The current manuscript is one of two which have survived — but this is clearly the earlier of the two and is heavily corrected by Sade. Le Prevaricateur was published in Pauvert’s edition of Les Oeuvres, (1991), in which, at p. 117, he quotes the original editor Jean-Jacques Brochier who examined the manuscripts in the family in 1970 : « Jean-Jacques Brochier describes thus the two manuscripts of this play : The first, a large white notebook, 32 x 20 cm., bears on the title-page: « II, Le Prévaricateur, 5 actes, » and Act I begins on page 3, with the traditional ‘Cast of Characters’. This manuscript is heavily corrected …the second manuscript, which we have used to establish the text, is undated. But the paper … and the binding. . .permit us to date it toward the end of Sade’s life, i.e., between 1810 and 1814. »

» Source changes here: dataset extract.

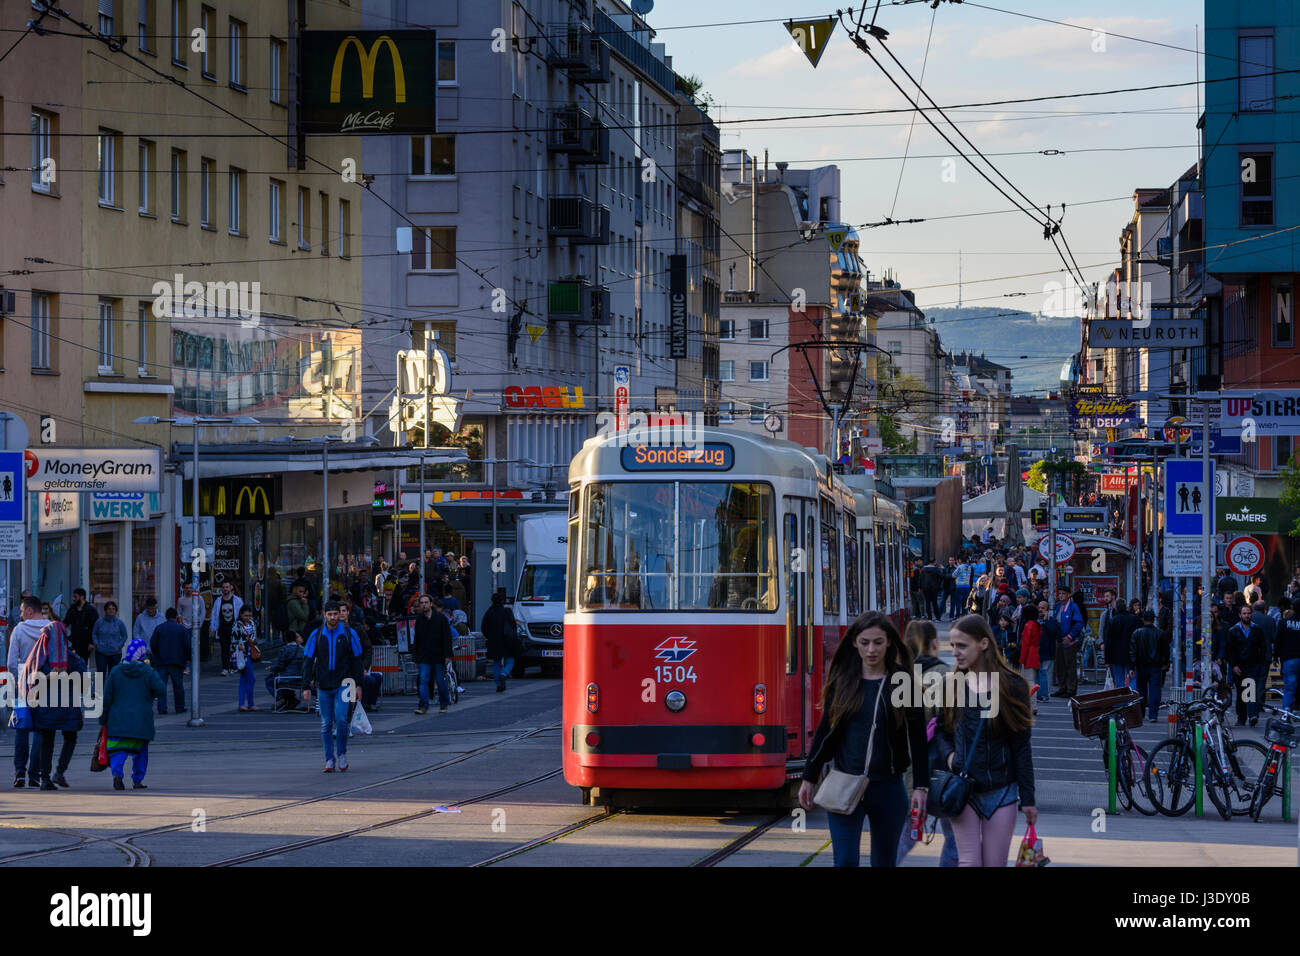 street Favoritenstraße, streetcar, people, view to Kahlenberg, Wien, Vienna, 10. Favoriten, Wien, Austria Stock Photo

The manuscript here corresponds exactly to the first of the two, and a quick comparison of the manuscript with the printed text indicates that Sade’s changes were incorporated into the printed text (via the second manuscript). However, it is interesting to note that in contrast to the printed version of La Tour Mystérieuse, which prints also Sade’s deletions and scorethroughs in the footnotes, the printed text of Le Prévaricateur does not, probably because there were so many changes.
An important manuscript thus, and a substantial and rare example of the Marquis de Sade’s autograph.